3. Integration Testing Agent Tool Calls

Integration tests use a real LLM but mock external dependencies (databases, APIs, file systems). They verify that your agent's full loop — LLM reasoning + tool execution + context management — works end-to-end without being at the mercy of third-party API availability.

Integration Test Design Principles

# Integration test with real LLM + mocked tools
import pytest
from unittest.mock import patch
from my_agent import CustomerSupportAgent

@pytest.fixture
def mock_crm():
    """Mock CRM database responses"""
    with patch("my_agent.tools.crm_lookup") as mock:
        mock.return_value = {
            "customer_id": "CUST-001",
            "name": "Alice Johnson",
            "subscription": "Pro",
            "open_tickets": 2
        }
        yield mock

@pytest.fixture
def mock_ticket_system():
    with patch("my_agent.tools.create_ticket") as mock:
        mock.return_value = {"ticket_id": "TKT-99821", "status": "created"}
        yield mock

@pytest.mark.integration
def test_support_agent_creates_ticket_for_billing_issue(mock_crm, mock_ticket_system):
    """Agent should look up customer and create a billing ticket"""
    agent = CustomerSupportAgent(model="gpt-4o-mini")

    result = agent.handle(
        message="I was charged twice this month, my account is CUST-001",
        max_tokens=1500
    )

    # Structural assertions — not exact strings
    mock_crm.assert_called_once_with(customer_id="CUST-001")
    mock_ticket_system.assert_called_once()
    call_args = mock_ticket_system.call_args[1]
    assert call_args.get("category") == "billing"
    assert "CUST-001" in call_args.get("description", "")
    assert result.tokens_used < 1500  # Budget check

@pytest.mark.integration
def test_agent_escalates_to_human_for_fraud():
    """Agent must NOT autonomously process fraud claims — escalate always"""
    agent = CustomerSupportAgent(model="gpt-4o-mini")
    result = agent.handle("Someone used my card without permission")

    assert result.escalated_to_human is True
    assert result.ticket_created is False  # No autonomous action on fraud

4. Golden Datasets & Regression Testing

A golden dataset is a curated set of input/output pairs where you've manually verified the correct behavior. It's the AI equivalent of a regression test suite — you run your agent against it before every release to detect quality regressions.

Building Your Golden Dataset

A production-ready golden dataset has four components:

Golden Dataset Size Guidelines

  • 🟢 MVP (launch minimum): 50–100 examples covering all major use cases and P0 regressions
  • 🟡 Mature product: 200–500 examples with edge case coverage and adversarial inputs
  • 🔵 Enterprise/regulated: 1,000+ examples with balanced category distribution and human-reviewed labels
  • 📌 Rule of thumb: Add a new golden example every time you fix a bug.

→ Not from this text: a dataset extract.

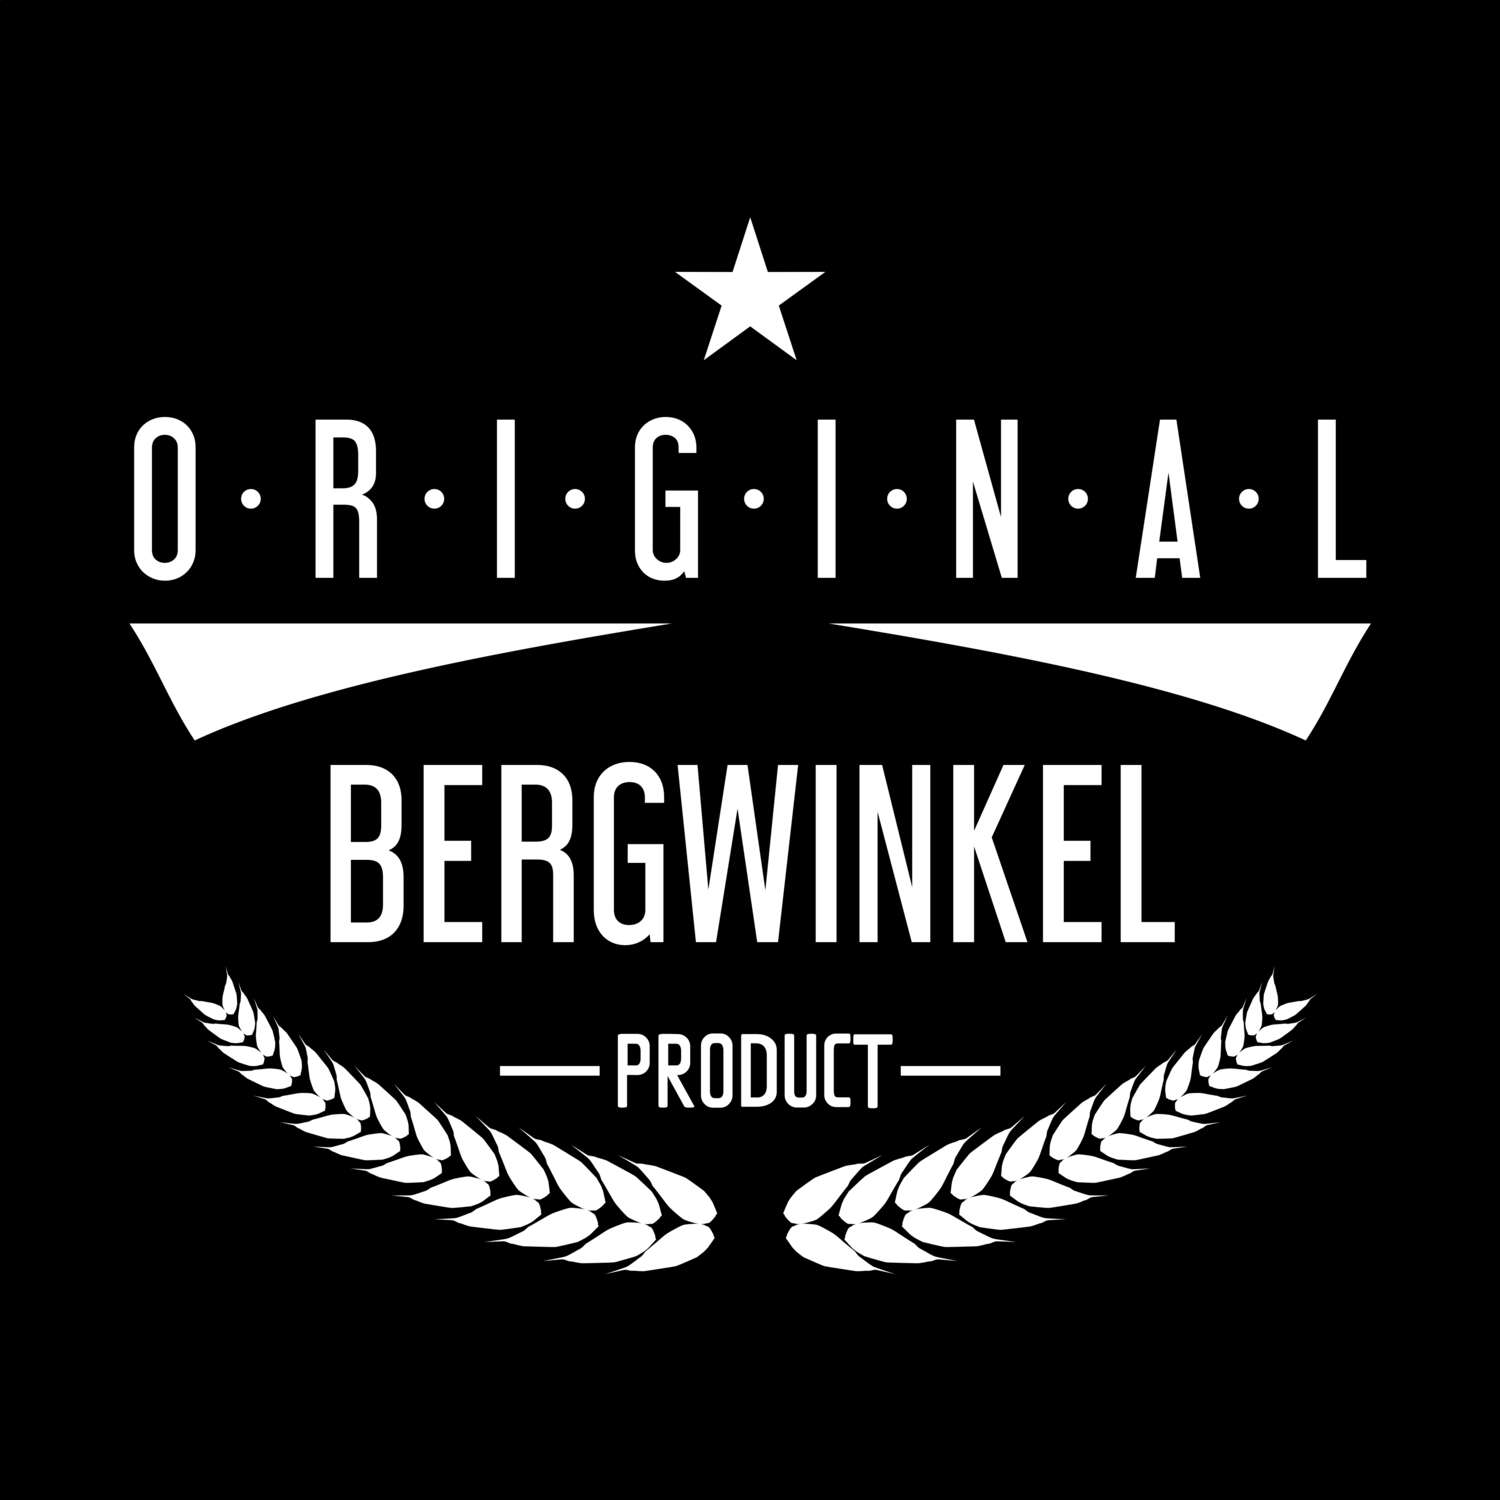 Bergwinkel T-Shirt »Original Product«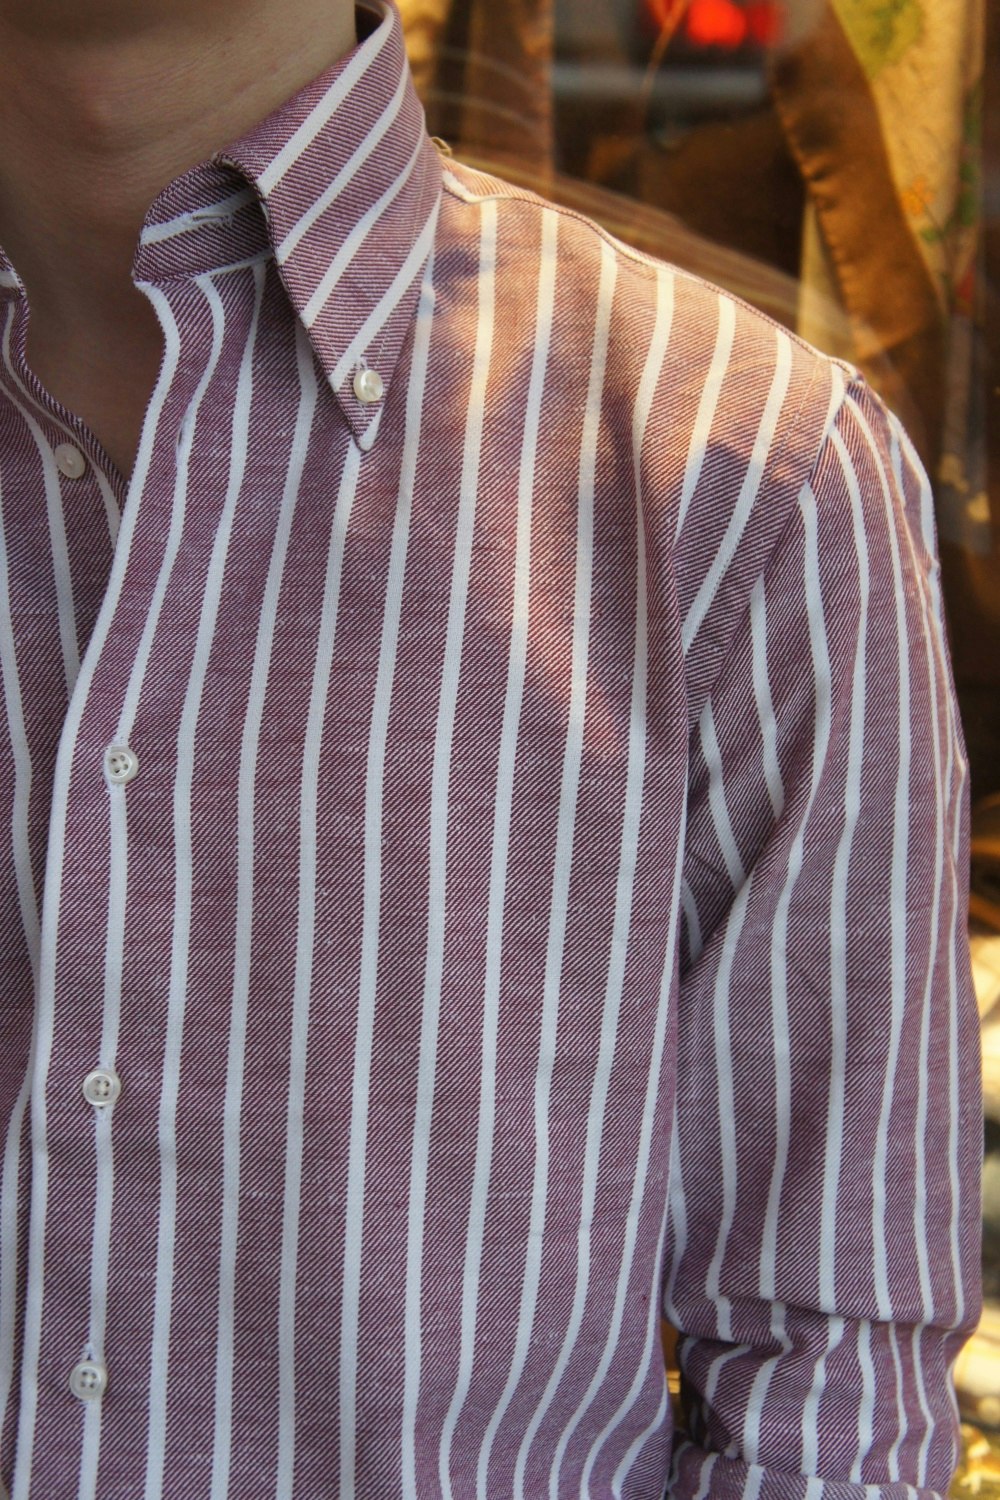 Striped Twill Shirt - Button Down - Burgundy/White

Your dataset grows with your bug history.
# golden_dataset.jsonl (one example per line)
{
  "id": "GD-0042",
  "input": "Summarize Q1 2026 sales report and highlight any anomalies",
  "expected_tool_calls": ["fetch_document", "analyze_data"],
  "expected_output_criteria": {
    "contains_keywords": ["Q1", "revenue", "anomaly"],
    "max_length": 300,
    "format": "bullet_points",
    "must_not_contain": ["Q2", "competitor names"]
  },
  "category": "happy_path",
  "priority": "P0"
}

# Running golden dataset regression
from ragas.metrics import answer_correctness, faithfulness
from my_agent import SalesAgent
import json

def run_regression(dataset_path: str, threshold: float = 0.85):
    agent = SalesAgent()
    failures = []

    with open(dataset_path) as f:
        for line in f:
            example = json.loads(line)
            result = agent.run(example["input"])

            # Rule-based checks
            for keyword in example["expected_output_criteria"]["contains_keywords"]:
                if keyword.lower() not in result.output.lower():
                    failures.append(f"GD-{example['id']}: missing keyword '{keyword}'")

            if len(result.output.split()) > example["expected_output_criteria"]["max_length"]:
                failures.append(f"GD-{example['id']}: output too long")

    if failures:
        raise AssertionError(f"Regression failures:\n" + "\n".join(failures))
    print(f"✅ All {dataset_path} examples passed")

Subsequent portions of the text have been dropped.